Supplied information:

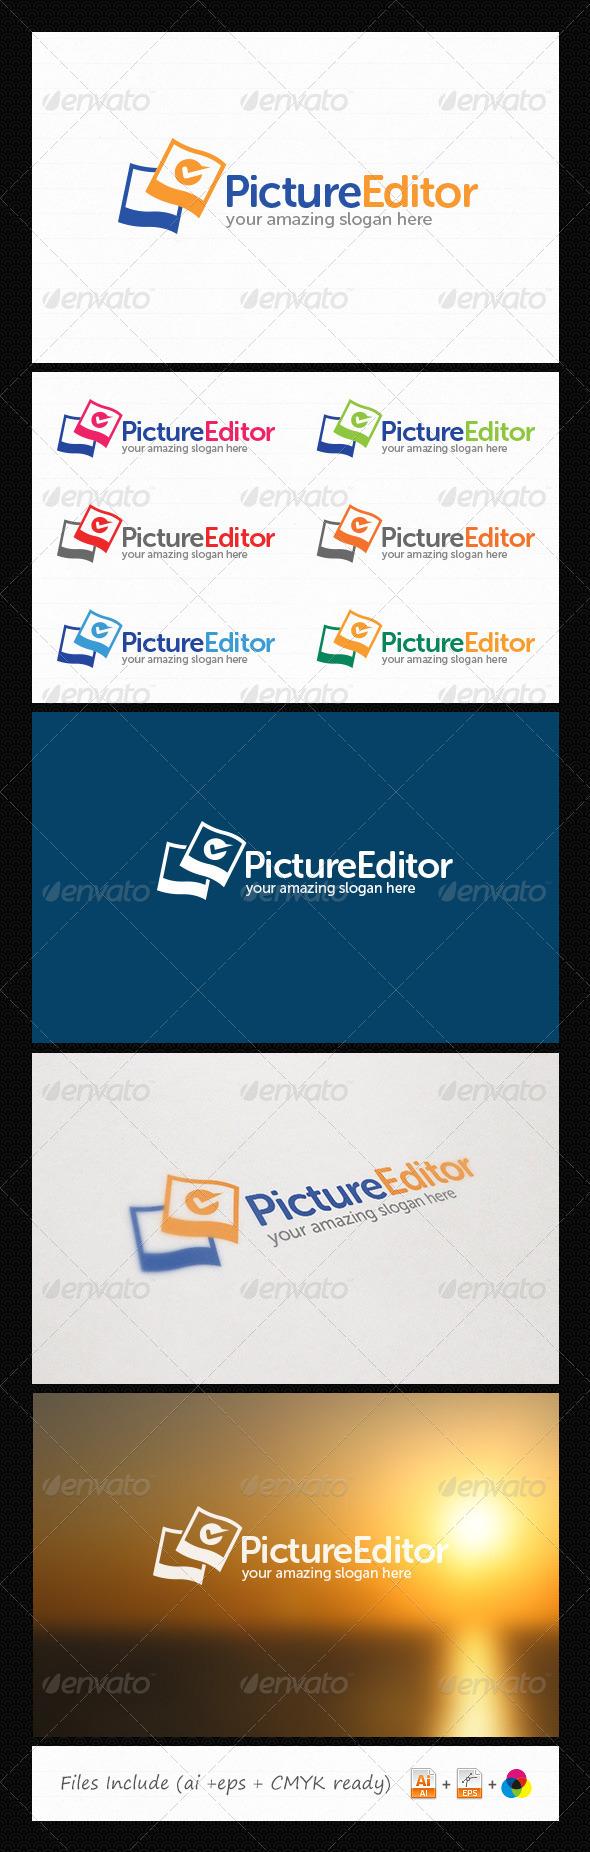 GraphicRiver Image Editor Logo 6067353
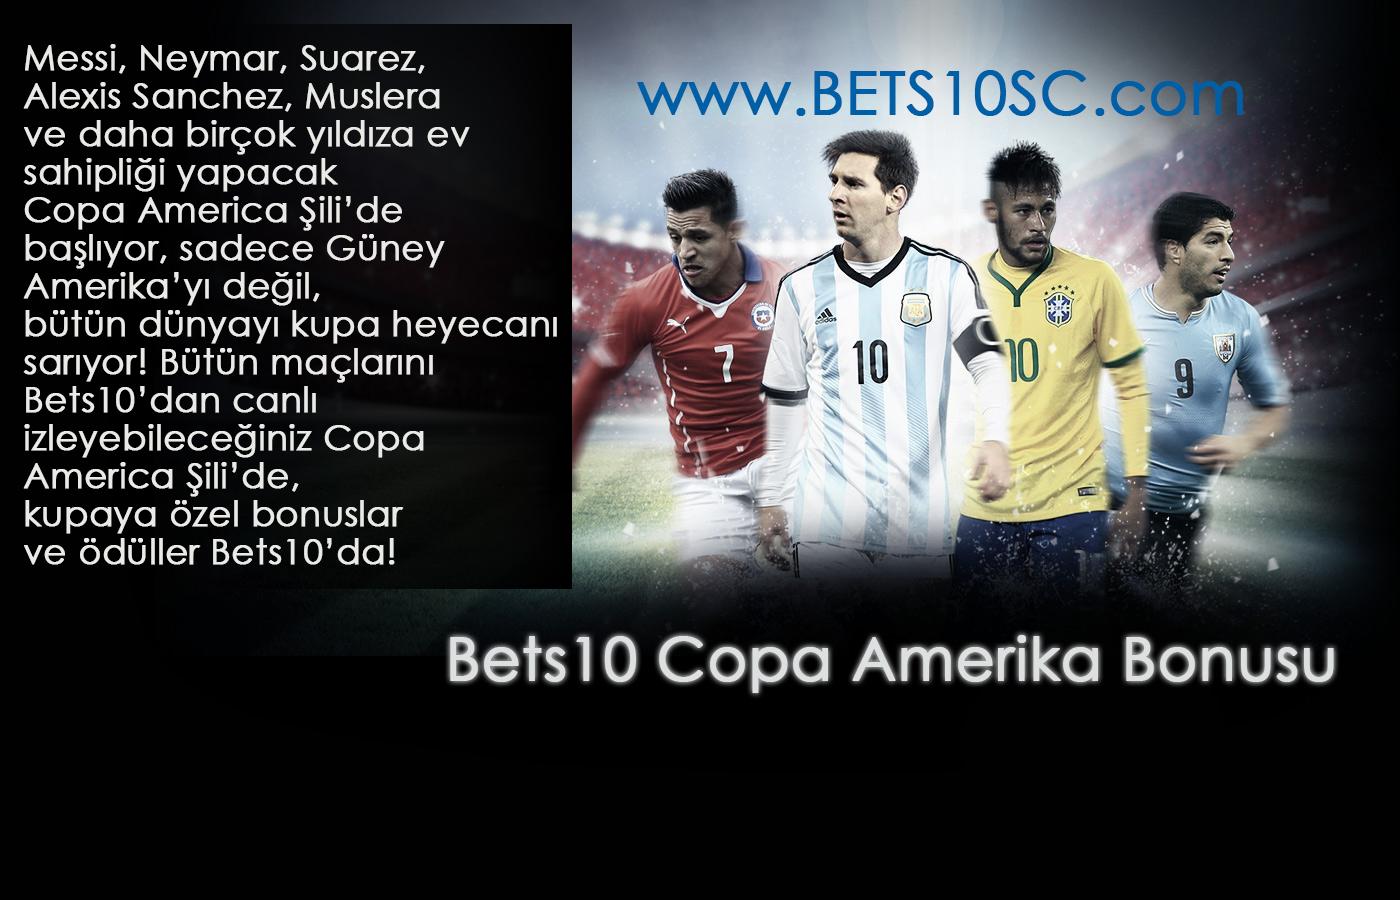 Bets10 Copa Amerika Bonusu
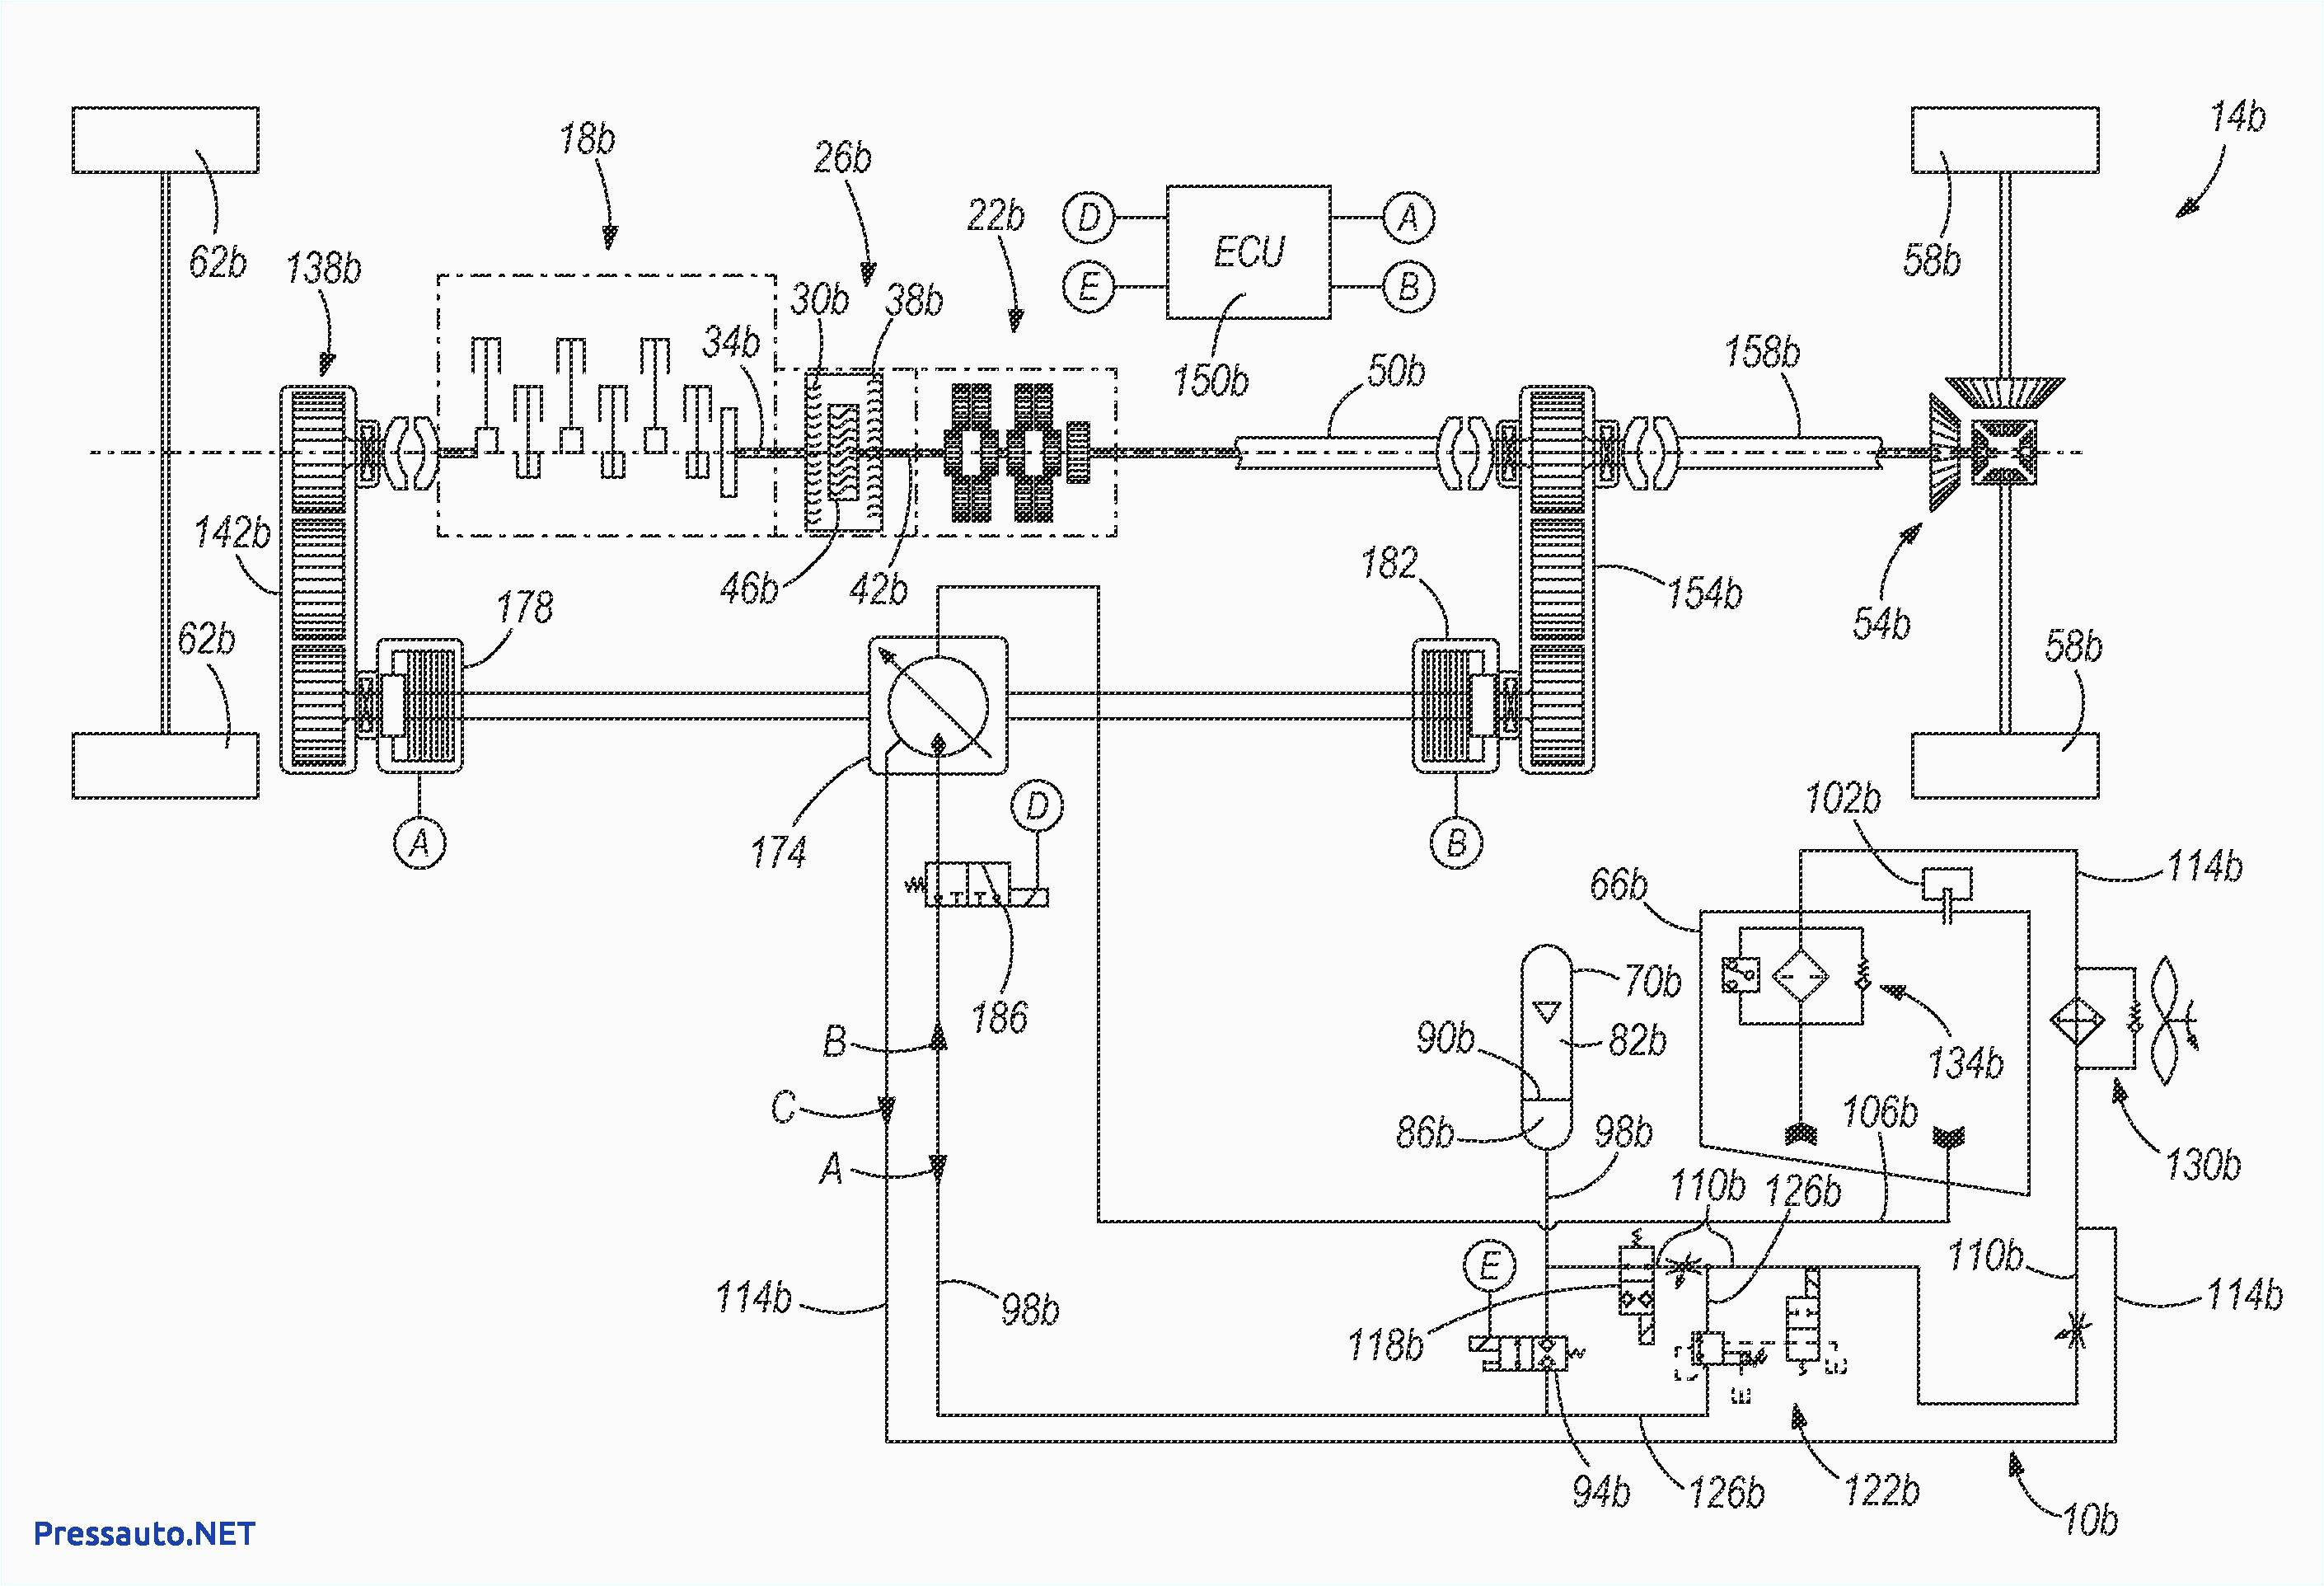 wiring diagrams 2001 fleetwood storm wiring diagram home fleetwood storm rv wiring diagrams

What is being asked:
An exact, image-free transcript of the material is required.

Task answer:
 GraphicRiver Image Editor Logo 6067353
 Bets10 Copa Amerika Bonusu
 wiring diagrams 2001 fleetwood storm wiring diagram home fleetwood storm rv wiring diagrams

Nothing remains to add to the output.